Another article on the College Republicans' fundraising controversy, and frankly it raises more questions than it answers. First, we see that CRNC President Eric Hoplin has decided that avoiding the press won't make them go away.
Hoplin, 26, whose job was once held by top White House strategist Karl Rove, says he is looking into whether the committee's chief consultant misled and preyed on elderly people with a barrage of letter solicitations."We've come to discover that there are a few donors who have been confused, a few donors who have some form of dementia, who aren't entirely sure of the amount of money that they're giving -- and how often they're giving," Hoplin said this week.
Hoplin also acknowledged one source of that confusion: The College Republicans raise funds "using a lot of project names" -- letters that in the past neglected to mention his group at all.
Hoplin said that, after becoming the committee's executive director in 2001, his "first reform" was to require that every solicitation identify the College Republicans.
He pledged in a phone interview to refund donations to any unhappy contributor and said about a half dozen have been reimbursed.
But Monda Jo Millsap, 68, of Van Buren, Ark., said she agreed, when solicited by phone and mail, to "lend" nearly $60,000 to the group, but hasn't gotten her money back.
"They were supposed to give it back, and I haven't heard nothing," she said.
Hoplin said he is looking into possible irregularities by the group's longtime consultant for direct-mail fundraising, Virginia-based Response Dynamics Inc. The firm and its subcontractors appear to have been paid at least $6 million for sending hundreds of thousands of direct mail solicitations, according to the College Republicans' disclosure reports to the Internal Revenue Service.
"If Response Dynamics is preying on old people, I'll put a stop to it," Hoplin said.
Ron Kanfer, president of Response Dynamics, said the firm has no way of knowing the ages of the recipients of its fundraising letters. He said the problem more than likely resulted from some people appearing on dozens of purchased lists of potential donors, possibly resulting in their being bombarded with solicitations within days. Kanfer said his firm has tried to eliminate duplications."Why would any client want to have the same person receiving these letters?" he asked. "It's not in anybody's best interest."

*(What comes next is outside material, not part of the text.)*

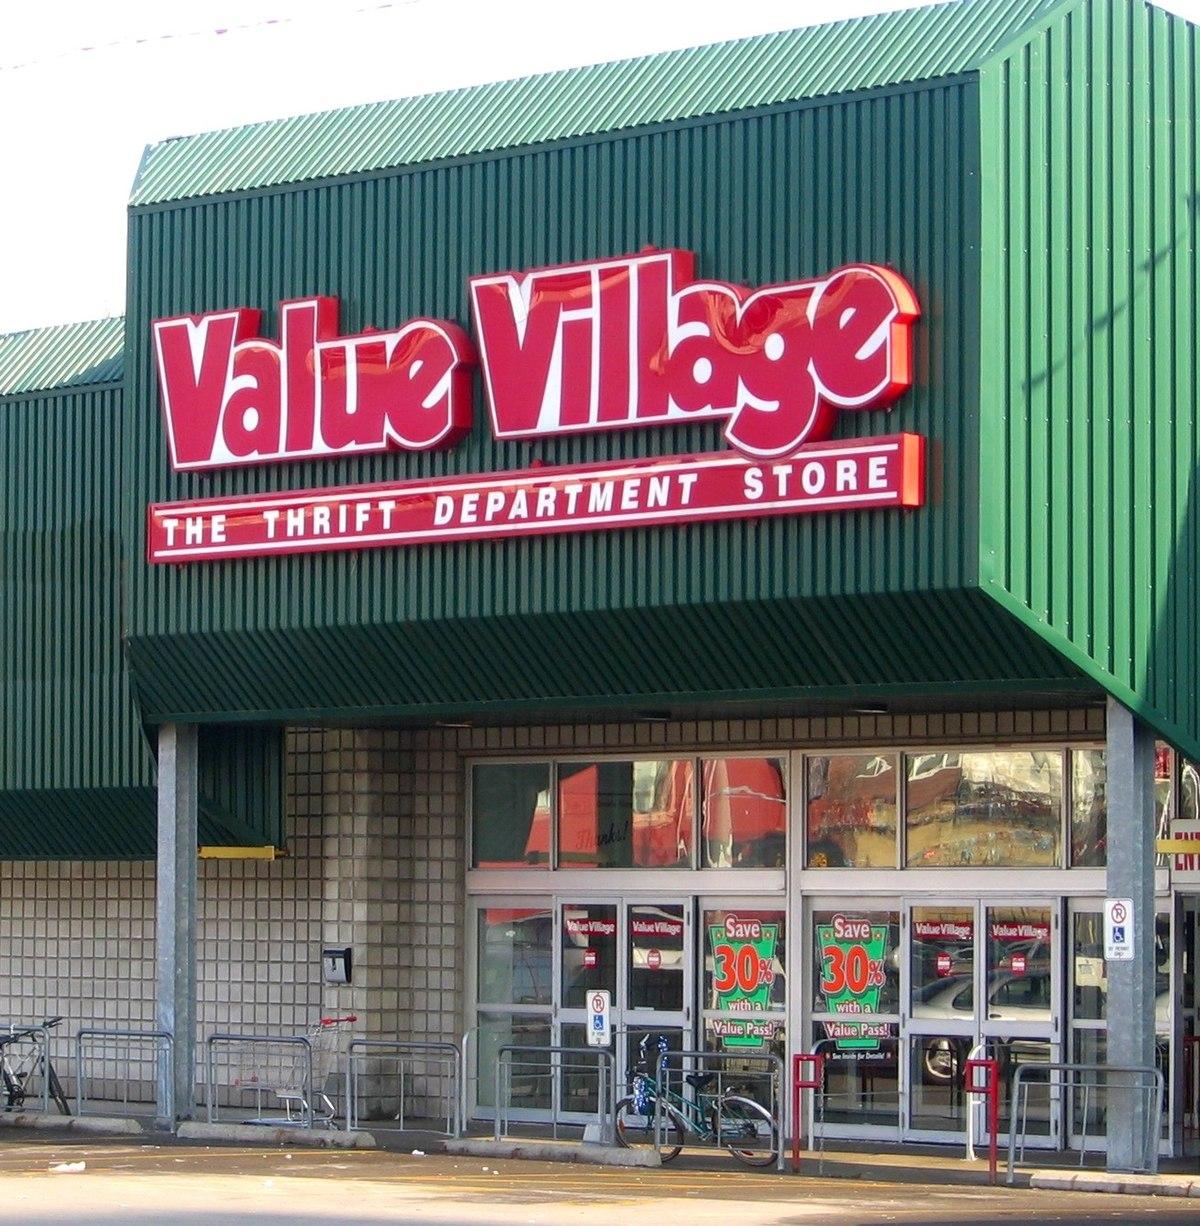 ولیو ویلیج فروشگاههای خود را در کانادا با تغییراتی باز میکند

Alison Eikele, a spokeswoman for the College Republicans, said 79 percent of the group's revenue has been eaten up by the costs of fundraising consultants. The rest went for a campus recruiting drive that more than tripled membership to 150,000, for grooming new members to be foot soldiers in the Bush-Cheney campaign's get-out-the-vote effort and for dispatching 75 paid staff members to presidential battleground states this fall, Hoplin said.
Thanks again to Mark McCaig for the tip.
Posted by Charles Kuffner on November 12, 2004 to Scandalized! | TrackBackKuff -- you have experience in direct mail fundraising?
If you're doing donor prospecting, you could actually lose money and it wouldn't be too unusual. Now this would probably be odd to have your entire fundraising be prospecting, but there could be reasons for it.
Perhaps your company didn't do prospecting?
Posted by: austin fsbo on November 13, 2004 5:17 PMProspecting or not, no credible organization spends 75% of its money on fundraising in an election year. Even an off year would be ridiculous, but not in an on year. I bet this guy got kickbacks from Response Dynamics.